Standard electrode potentials for a few half cells are mentioned below :
$$E_{Cu^{2+}/Cu}^{\circ}=0.34 V,E_{Zn^{2+}/Zn}^{\circ}=-0.76 V\\E_{Ag^{+}/Ag}^{\circ}=0.80 V,E_{Mg^{2+}/Mg}^{\circ}=-2.37 V$$ Which one of the following cells gives the most negative value of $$\Delta G^{\circ}$$ ?

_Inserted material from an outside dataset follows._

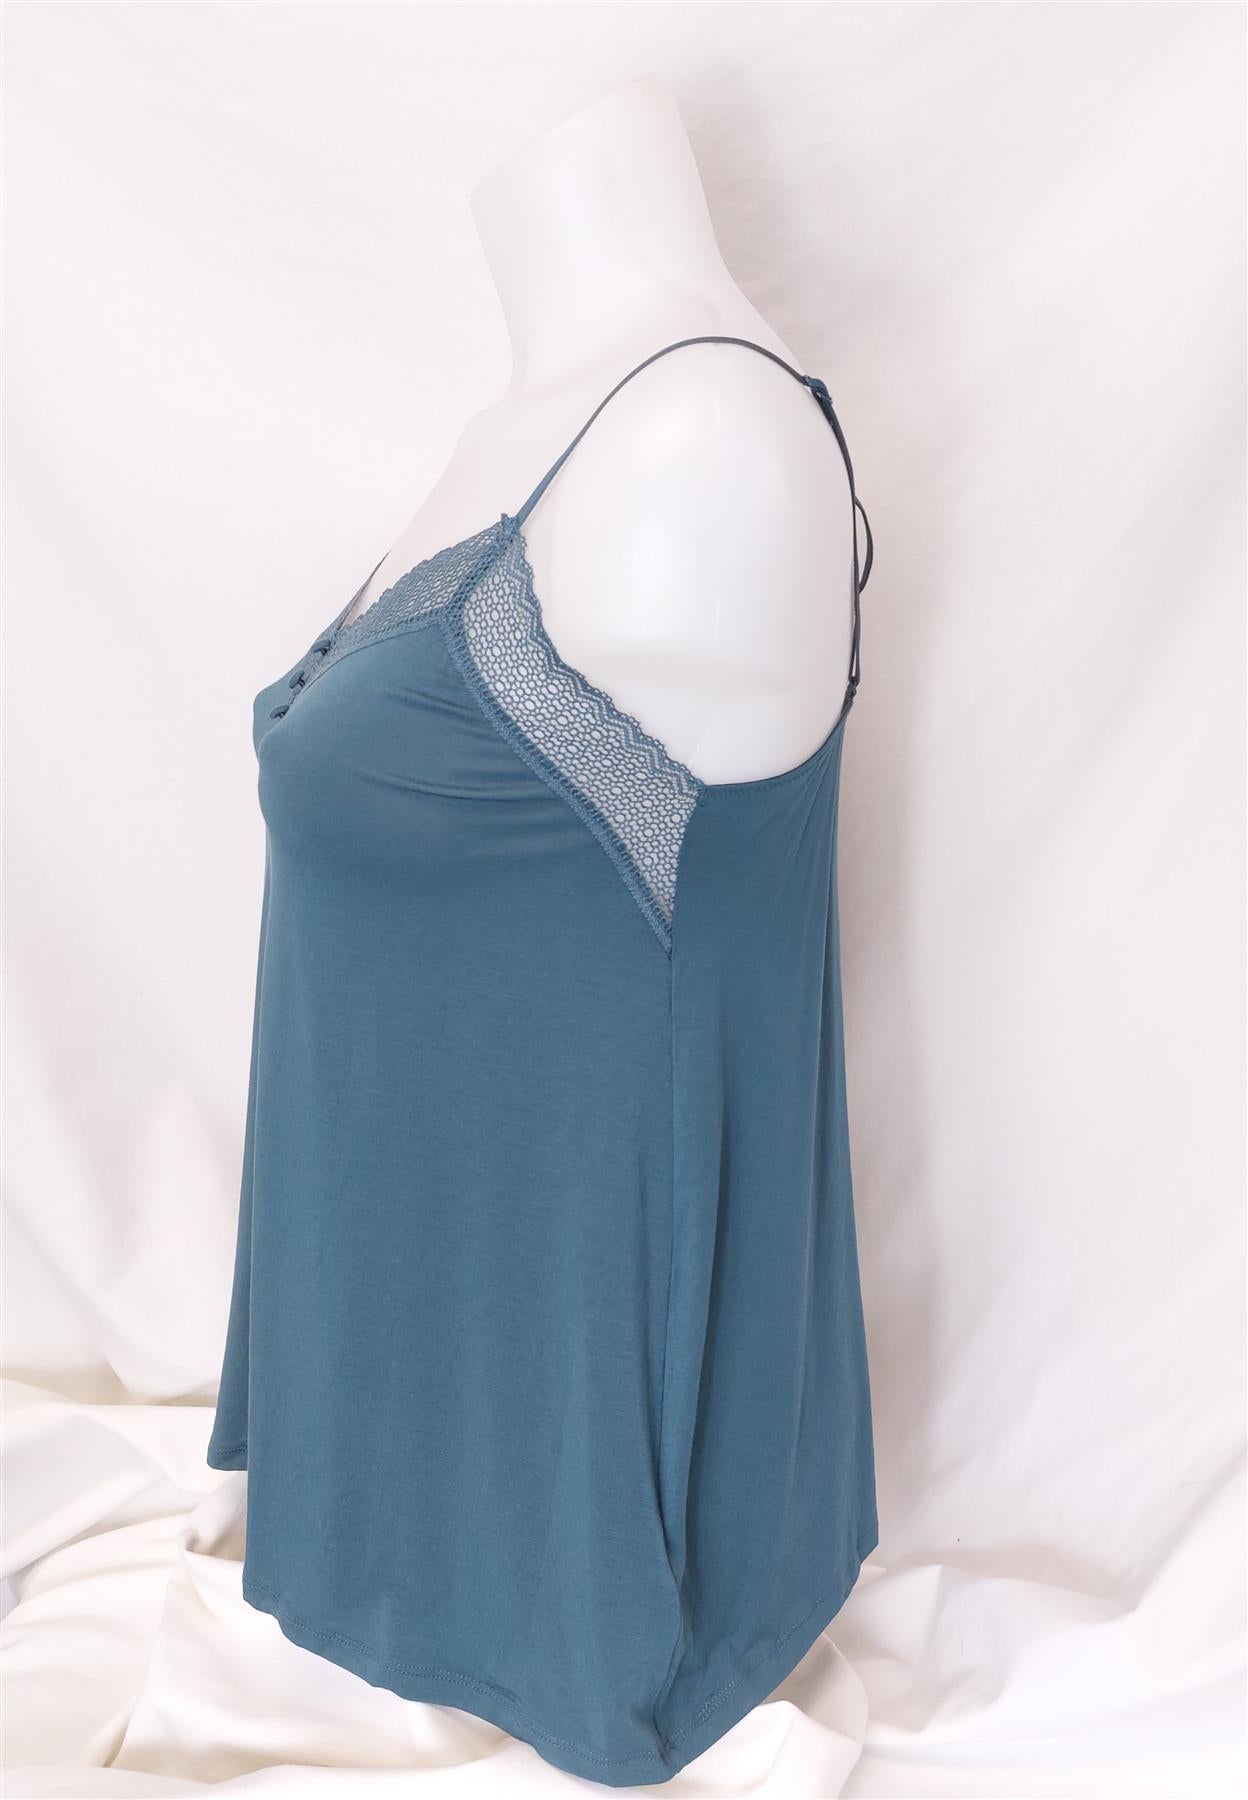 Designer Women's Camisole Top Cami Vest Lace Trim Supersoft Pyjama Nightshirt

We need to find which cell gives the most negative $$\Delta G°$$.

Key formula: $$\Delta G° = -nFE°_{cell}$$. Most negative $$\Delta G°$$ requires largest $$nE°_{cell}$$.

Option 1: Zn|Zn²⁺||Ag⁺|Ag

$$E°_{cell} = E°_{cathode} - E°_{anode} = 0.80 - (-0.76) = 1.56$$ V

n = 2 (Zn → Zn²⁺ + 2e⁻, 2Ag⁺ + 2e⁻ → 2Ag)

$$nE° = 2 \times 1.56 = 3.12$$

Option 2: Zn|Zn²⁺||Mg²⁺|Mg

$$E°_{cell} = -2.37 - (-0.76) = -1.61$$ V (negative, not spontaneous)

Option 3: Ag|Ag⁺||Mg²⁺|Mg

$$E°_{cell} = -2.37 - 0.80 = -3.17$$ V (negative, not spontaneous)

Option 4: Cu|Cu²⁺||Ag⁺|Ag

$$E°_{cell} = 0.80 - 0.34 = 0.46$$ V

n = 2, $$nE° = 0.92$$

The largest $$nE°_{cell}$$ is for Option 1 (3.12), giving the most negative $$\Delta G°$$.

The correct answer is Option 1: Zn|Zn²⁺(1M)||Ag⁺(1M)|Ag.